Let's consider the first example given, \[ \int_{-1}^{1} \frac{(\cos \pi x / 2)^{q}}{\left(1-x^{2}\right)^{p}} dx, \]and the condition \( p < 1/2 \) for convergence. This condition arises because the function becomes challenging to integrate near the endpoints \( -1 \) and \( 1 \), where \( 1-x^2 \) approaches zero, potentially causing the integral to diverge. The exponent \( p \) needs to be less than \( 1/2 \) to balance this behavior and ensure convergence.

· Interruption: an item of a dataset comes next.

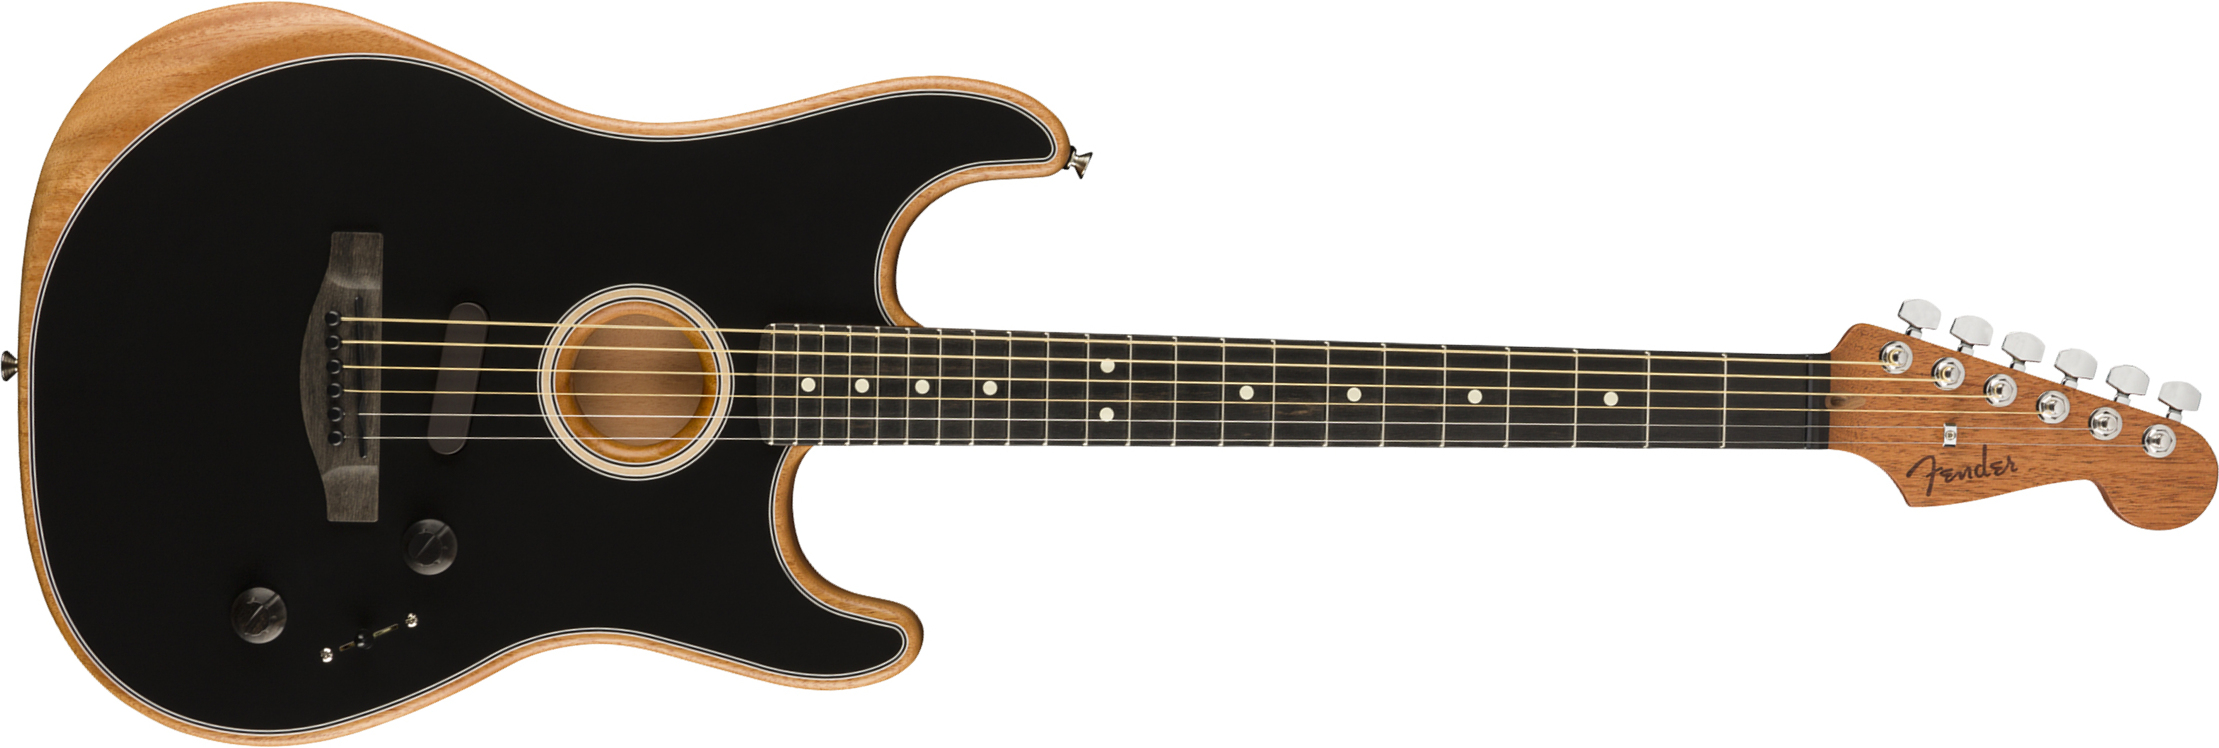 Fender Strat American Acoustasonic Usa Eb - Black - Electro acoustic guitar - Main picture

Similarly, other integrals have specific conditions for convergence, generally derived from analyzing the behavior as the variable approaches critical points in the domain (such as 0, \( \infty \), -1, or 1). Understanding these conditions is key to determining the convergence of more complex integrals.

Integration Techniques

When approaching integrals, especially those with complex expressions or limits leading to complications, using specific integration techniques can simplify the process. Often, combining these techniques with the comparison test and integral conditions leads to a clearer understanding of whether an integral converges.

There are several common techniques:

• Substitution: This involves changing variables to simplify an integrand, making the integration process more manageable. It's particularly useful when dealing with symmetry or simplifying irrational expressions.
• Partial Fraction Decomposition: This breaks down rational functions into simpler fractions that are easier to integrate.
• Integration by Parts: This technique applies especially to products of functions, enabling us to express the integral in forms that are easier to solve.

While these aren't explicitly required in the exercise solutions provided, knowing these techniques can offer alternative routes to solving integrals and understanding their behavior. They can also complement the comparison test by providing alternative approaches to verify the convergence conditions identified.